Over one hundred poachers are active in the area.
"The poachers openly sell migratory birds in many markets," says Saiful Islam, secretary of the local conservation group, the Chalan Beel Jeeb Boichitra Sangrakkhan Committee.
He estimates up to 300 local families are accustomed to eating wild bird meat. But having migratory birds up for sale is a broader problem, he notes, to be found through Singra, Baraigram, Gurudaspur and sadar upazilas in Natore and also in Tarash and Ullahpara upazilas in neighbouring Sirajganj.
Bodiuzzaman Bodi, 55, from Natore sadar's Chandpur village freely admits to being a bird hunter. "I hunt birds every winter as it is very profitable and we have no other work in this season, so we haven't any choice. With nets and other traps I can catch up to 30 birds per day. We have been doing this for years. In this area it is a usual occupation, just as in the rainy season we catch fish."

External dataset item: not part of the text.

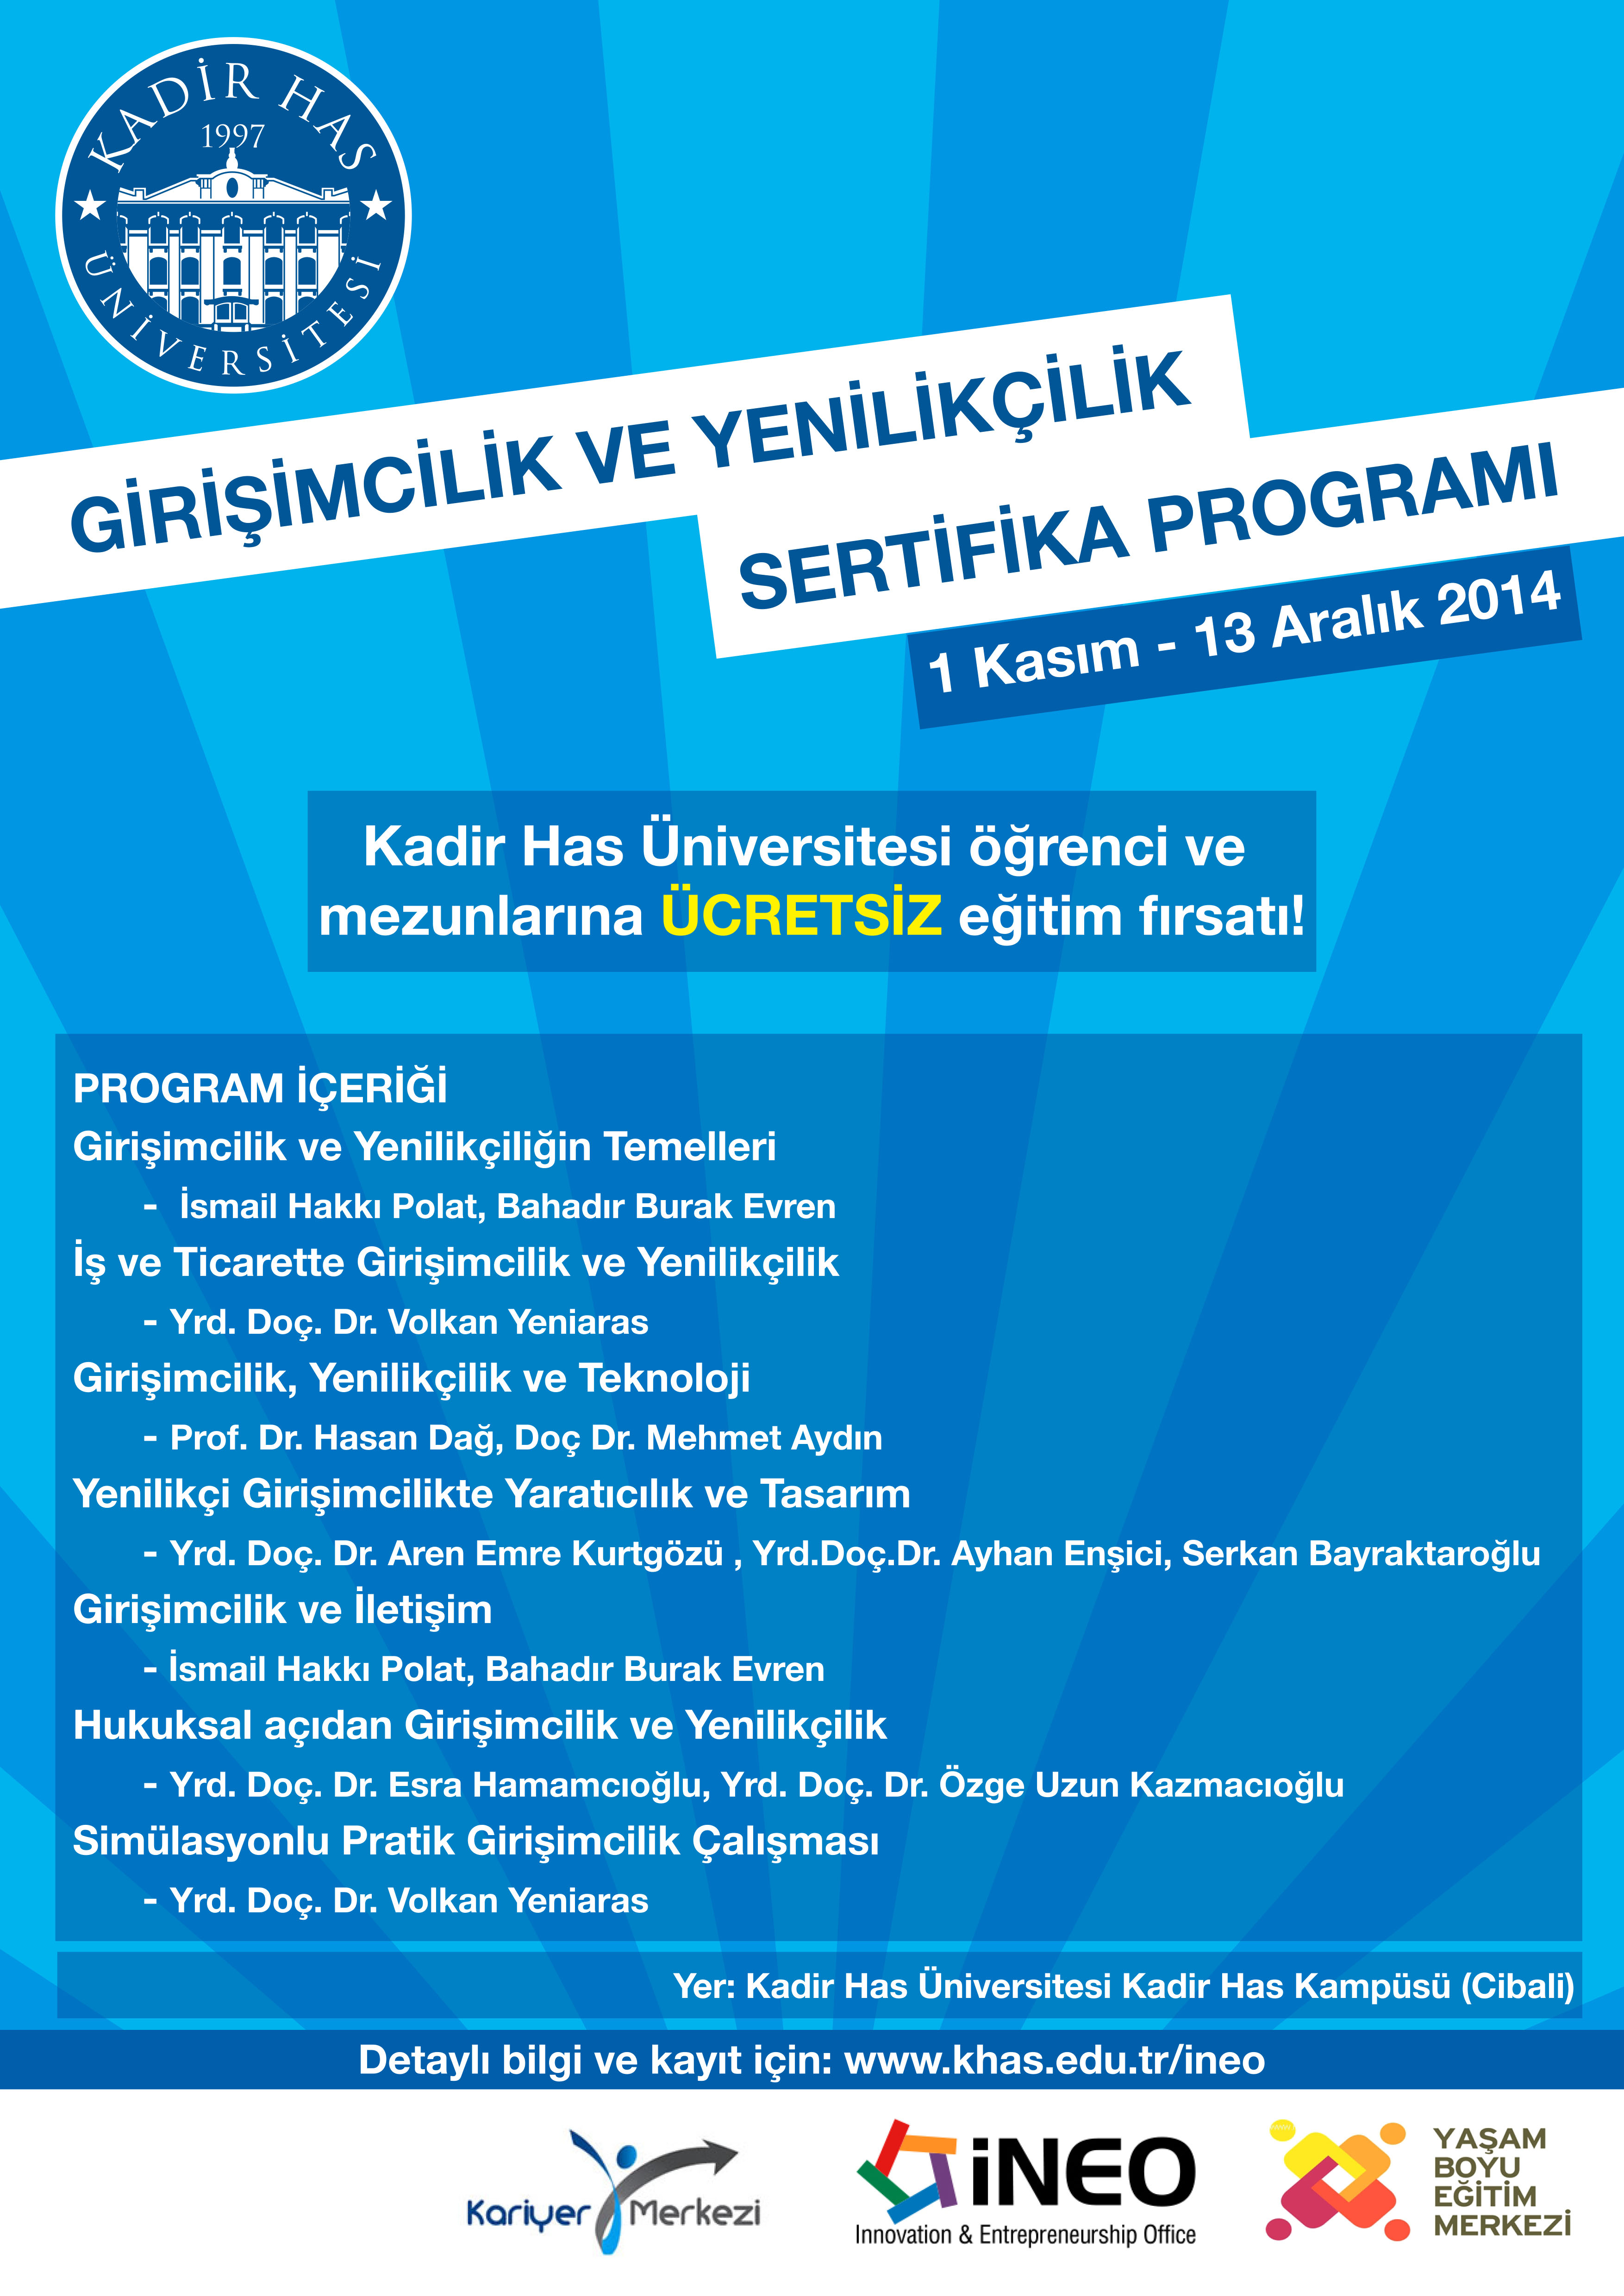 Kadir Has Üniversitesi Öğrenci ve Mezunlarına Ücretsiz Girişimcilik ve Yenilikçilik Sertifika Programı

"I know that bird hunting is a punishable offence," says Lalon Hossain, 30, another hunter from Chandpur village. "But we have no choice since we are really poor and our families depend on bird hunting of a winter."
Chandpur High School teacher Nazim Uddin says many in the village hunt wild birds for income and for food. "Some they sell; others they eat at home," he says.

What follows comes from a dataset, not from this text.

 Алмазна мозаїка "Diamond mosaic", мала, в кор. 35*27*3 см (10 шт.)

"Although local people, together with our group, protest the hunt we often fail to protect the birds," Saiful explains. "On 15 December 2016 we caught a hunter, Shafiur Rahman, with an airgun. From him we seized three migratory birds. But his brother Ataur Rahman is influential and he took both his brother and the birds from us. Still we urged them to free the birds but they refused, saying there's nothing at all wrong with hunting them."
"Bird hunters crowd the Chalan Beel area every winter season," says Natore sadar upazila's chairman, Shariful Islam Romzan. "Their illegal hunting goes on openly; sometimes villagers protest but with little effect."
"The hunters even offered to sell wild birds to me at a low rate," he adds. "I refused and told them to find another profession."
Professor Aktaruzzaman who is an adviser to the Chalan Beel conservation group notes that the number of migratory birds has been decreasing year by year, with further decline anticipated due to the poaching nuisance as well as the onset of climate change.
According to locals, a few years ago about 35 species of migratory birds could be found in Chalan Beel each winter. These days the numbers of many species are down.
"We conduct mobile courts in the area of Chalan Beel," says Shahina Khatun, the deputy commissioner of Natore. "We have jailed poachers on several occasions. Meanwhile, we are trying to increase awareness that wildlife hunting is illegal. We are also making a list of poachers in order to provide them with alternate work."
One may wish the district administration speedy success in such endeavours as the day when the welcome arrival of diverse migratory bird species at Chalan Beel no longer symbolises the winter season may not be too far away.